**To do:** Exclude the pictures and set down, unaltered, the lines from the one that holds "Invacare 1026793 Wheel" through the end of the data.

**Material provided:**
# # #

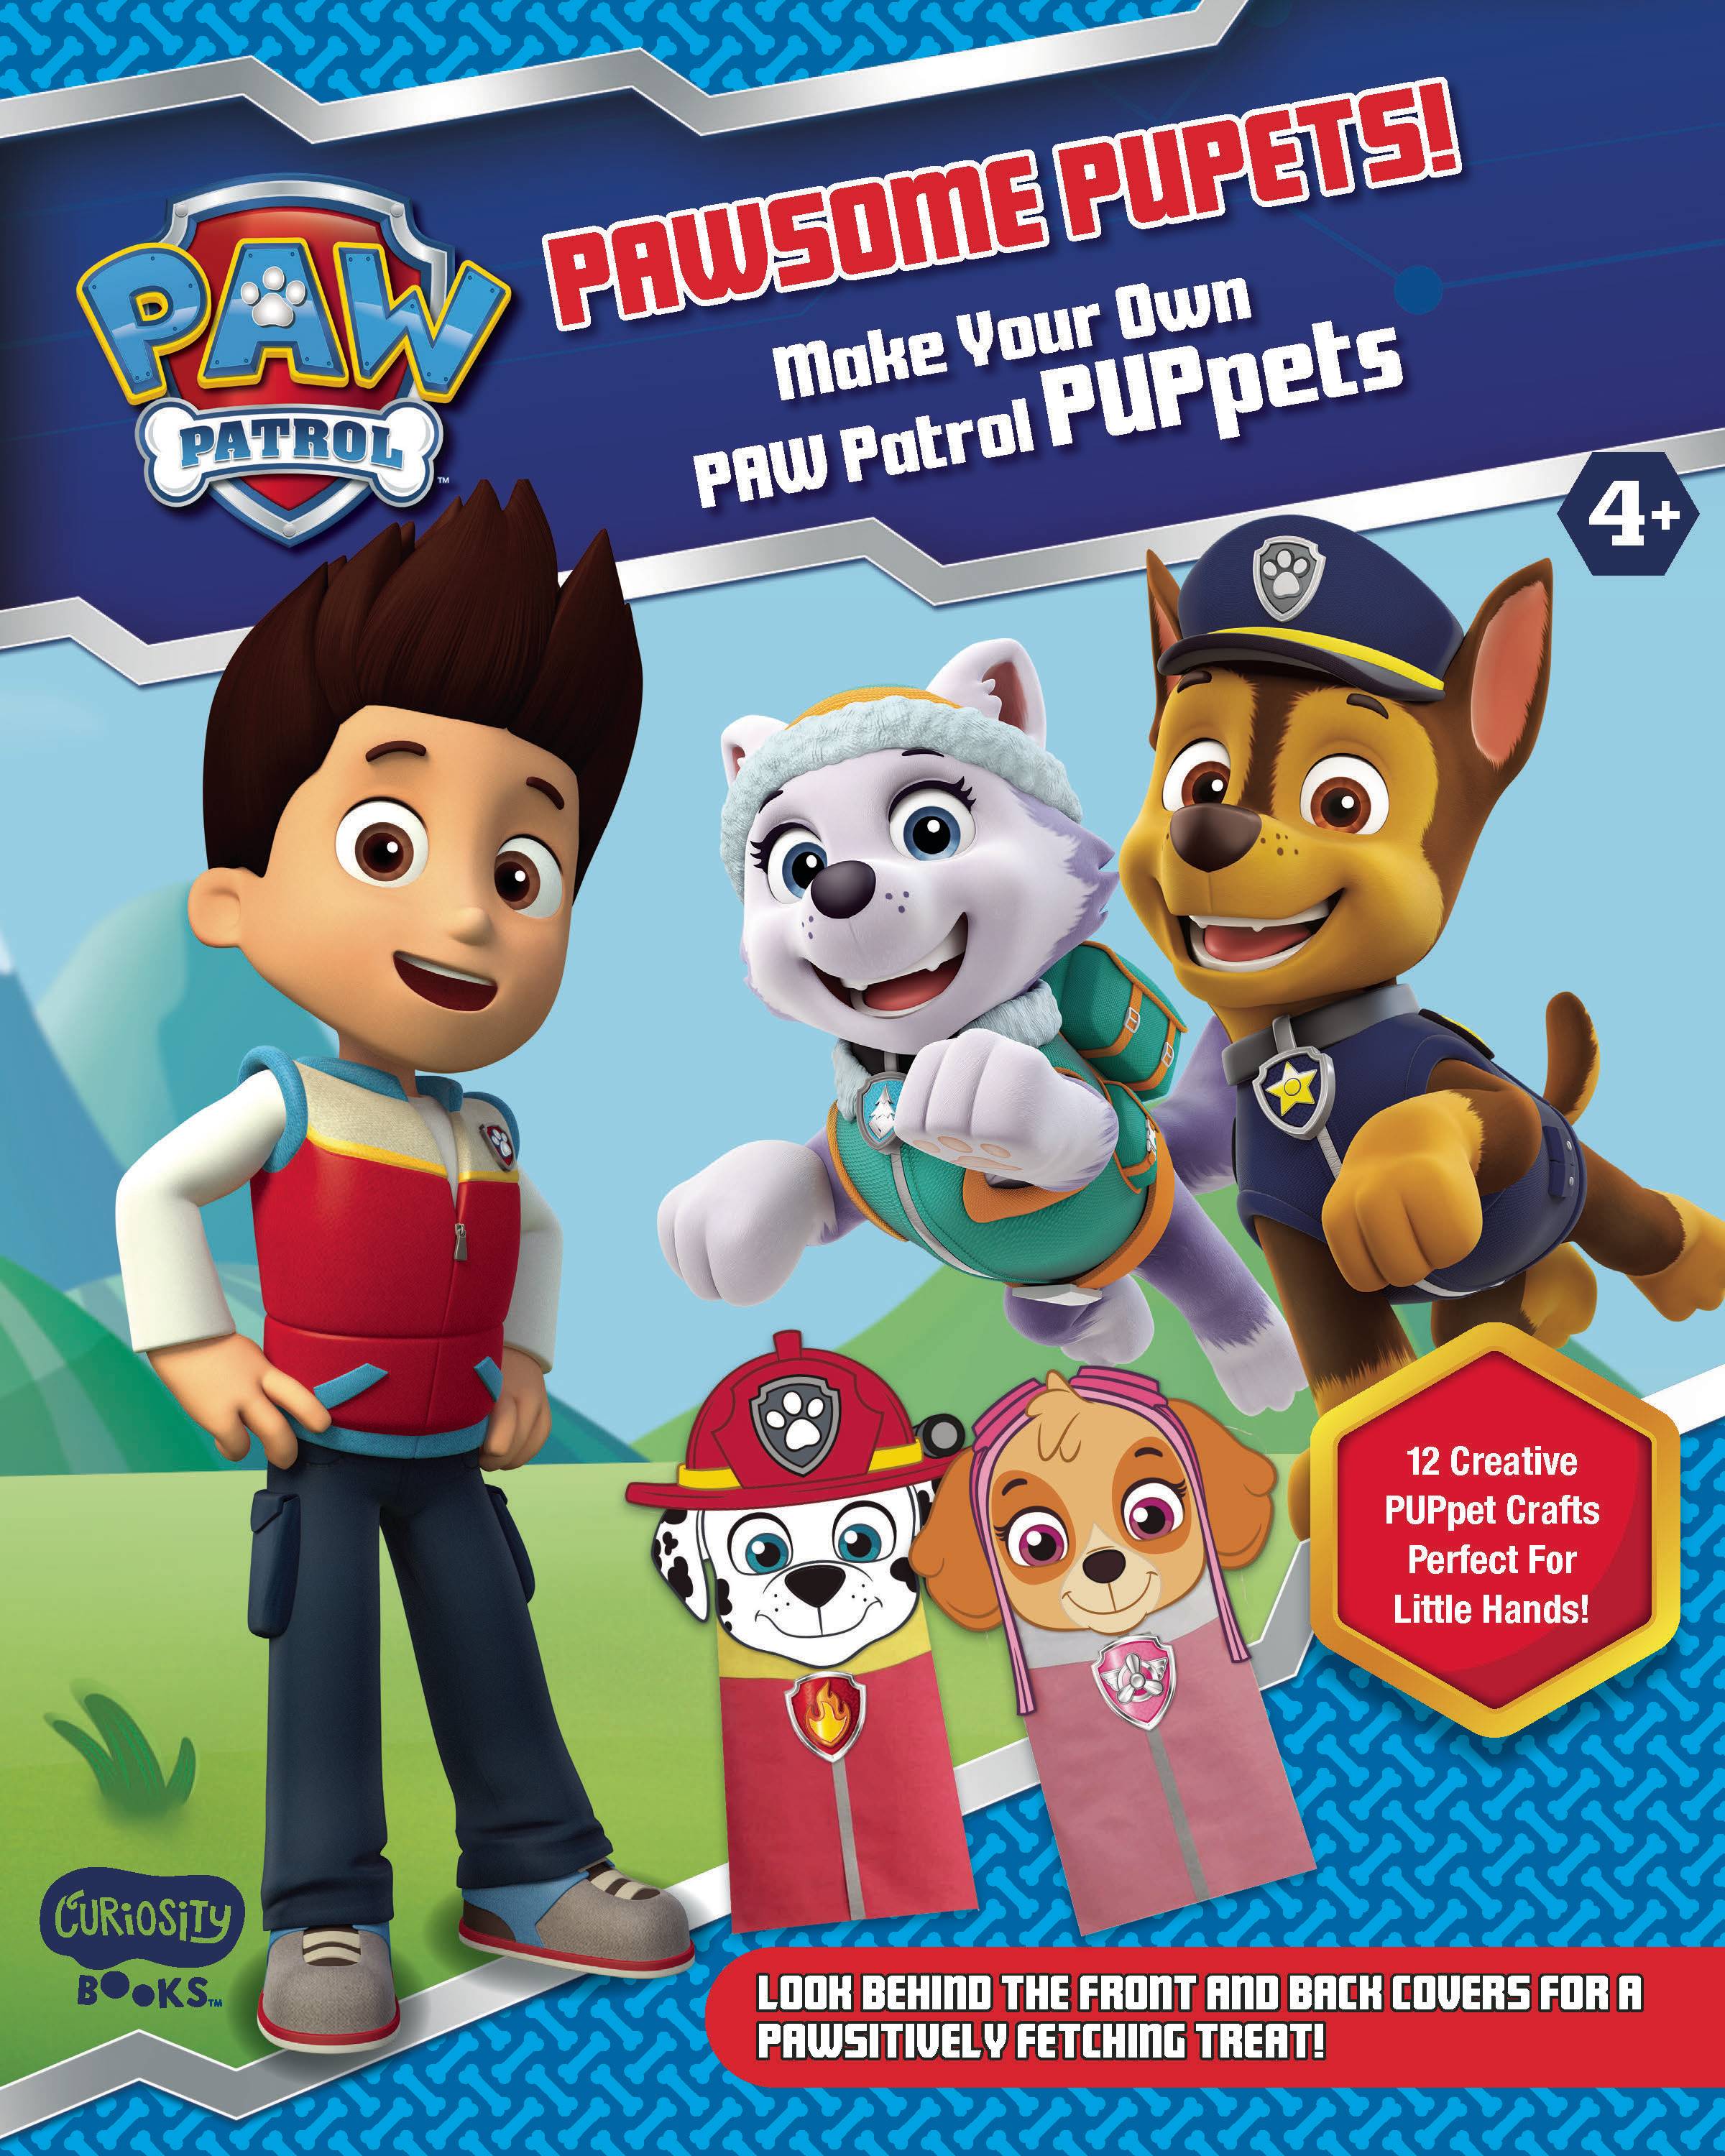 PAWSOME PUPPETS MAKE YOUR OWN PAW PATROL PUPPETS SC
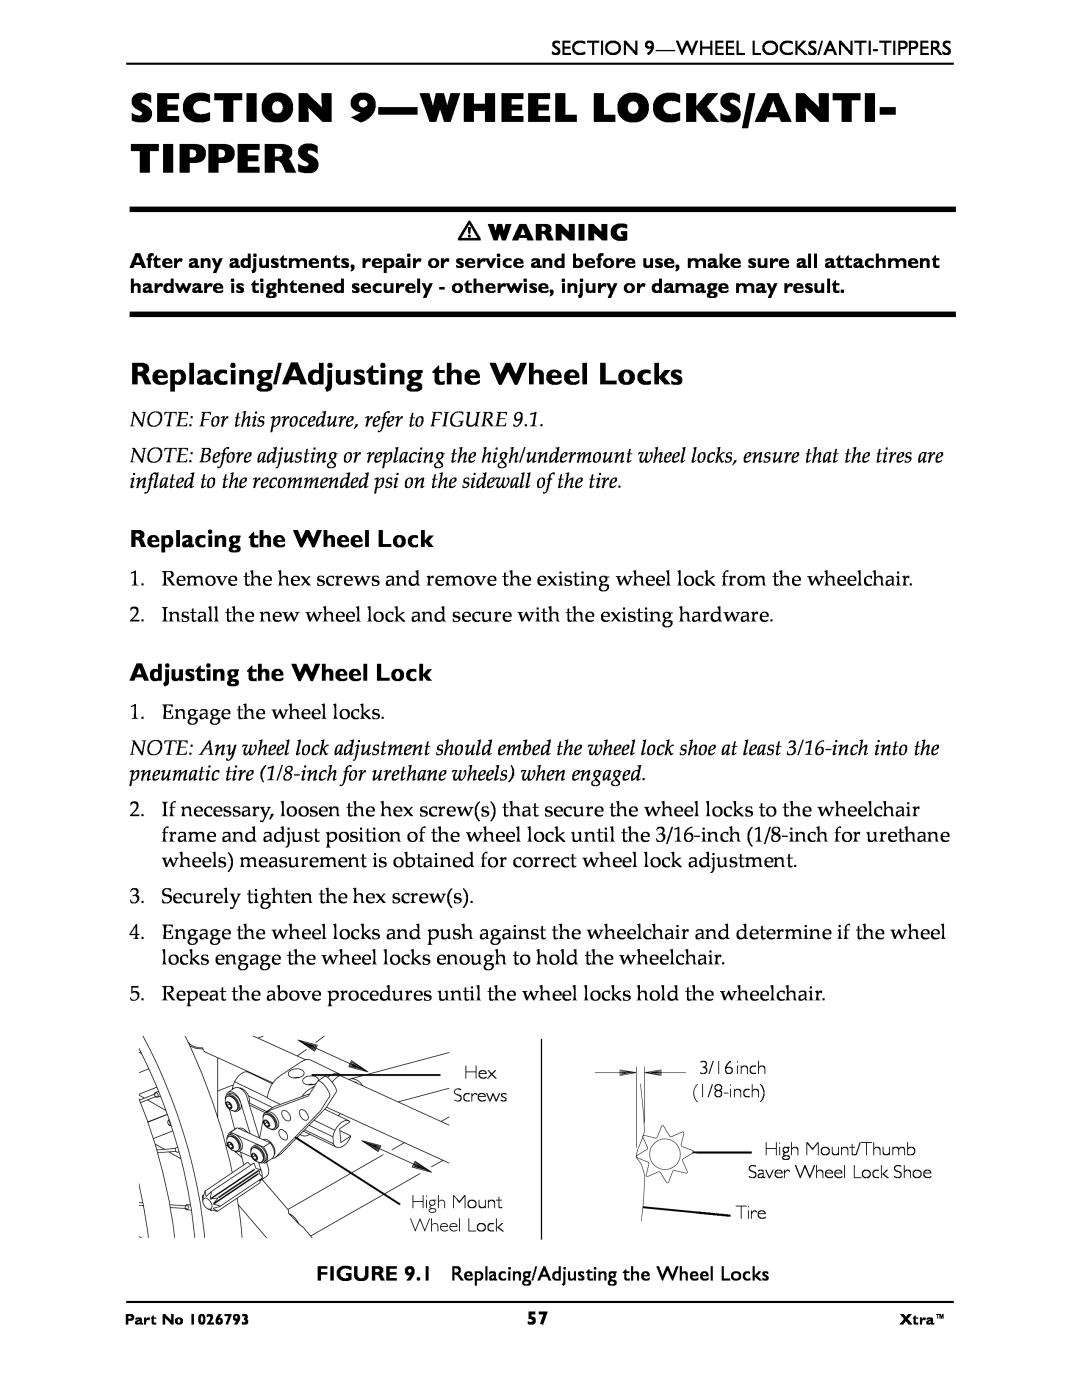 Invacare 1026793 Wheel Locks/Anti- Tippers, Replacing/Adjusting the Wheel Locks, NOTE For this procedure, refer to FIGURE 
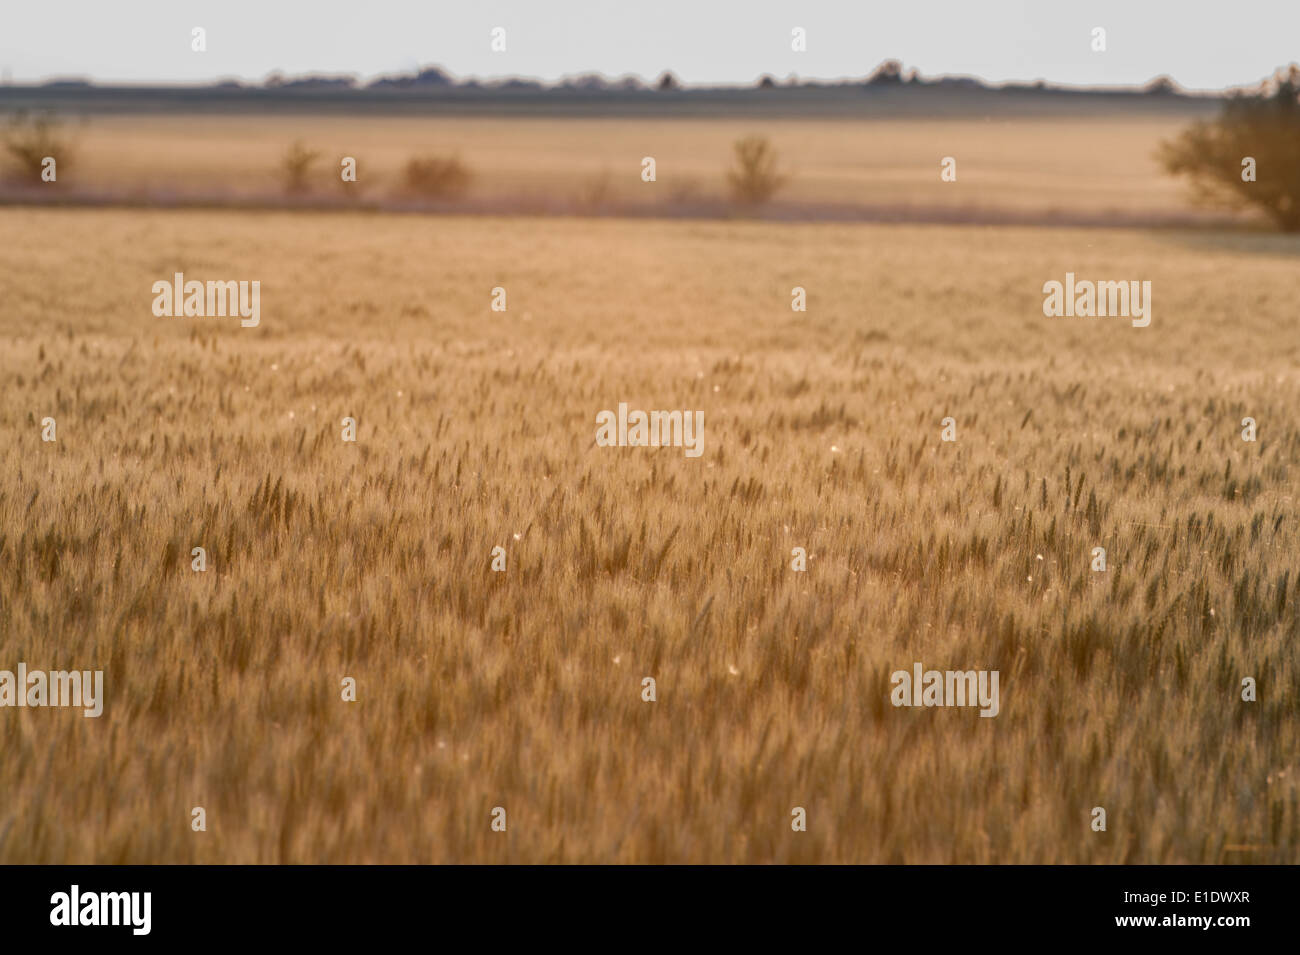 Wheat field on the Great Plains Stock Photo
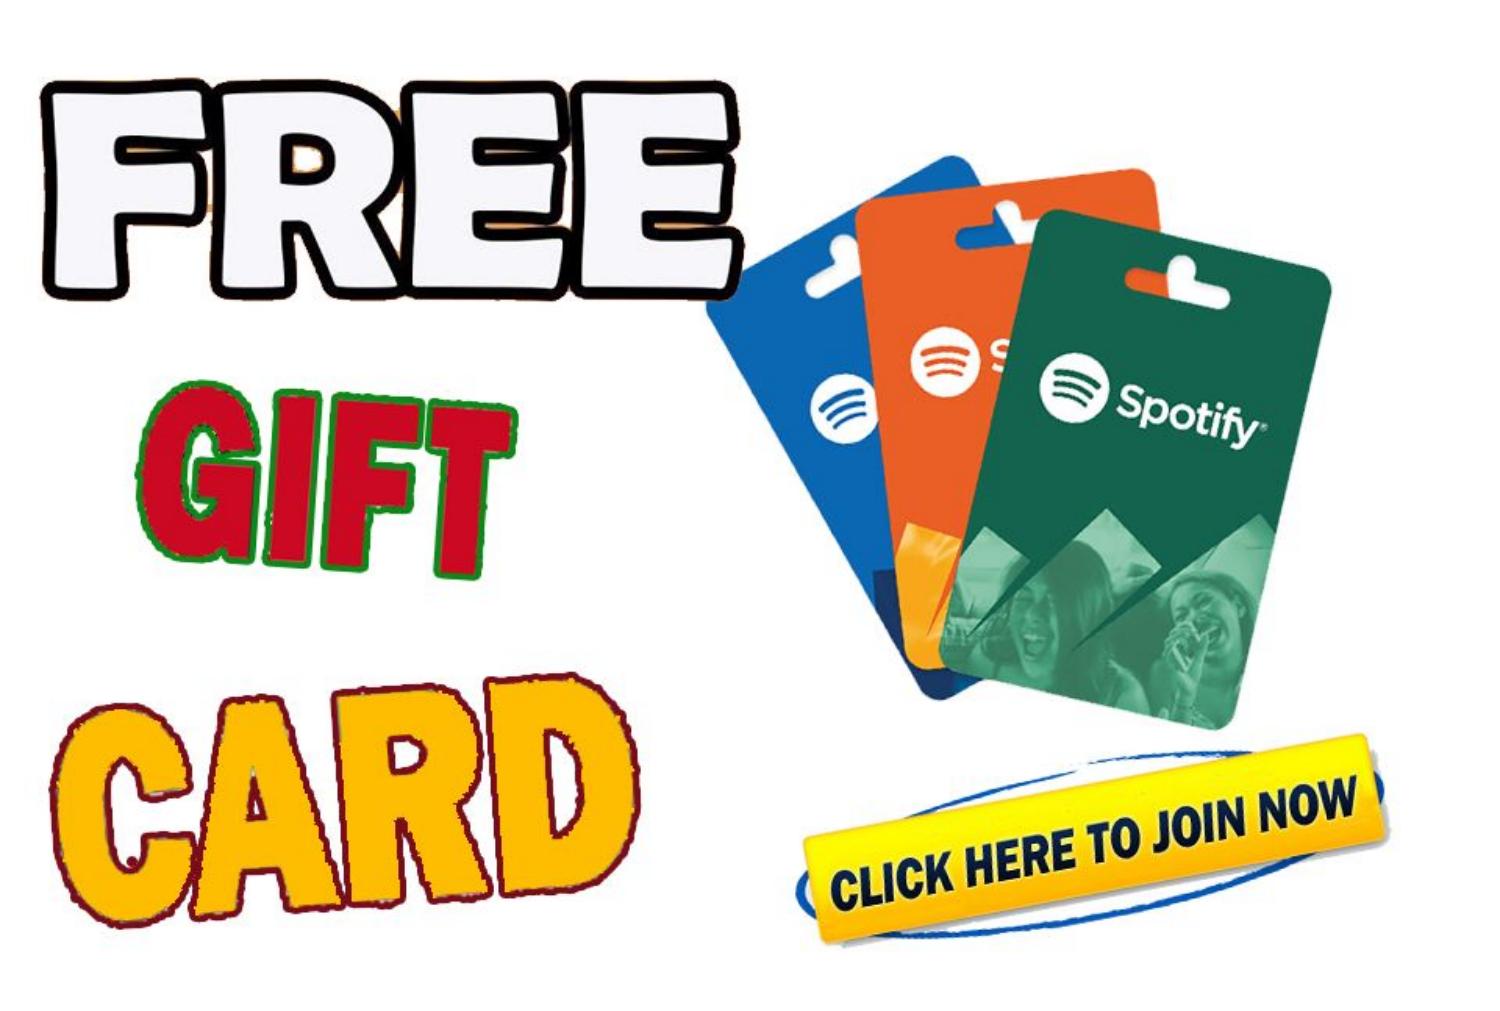 Solved: Use gift card after trial period - The Spotify Community

# # #

**Exercise result:**
 Invacare 1026793 Wheel Locks/Anti- Tippers, Replacing/Adjusting the Wheel Locks, NOTE For this procedure, refer to FIGURE 
 Wheat field on the Great Plains Stock Photo
 Solved: Use gift card after trial period - The Spotify Community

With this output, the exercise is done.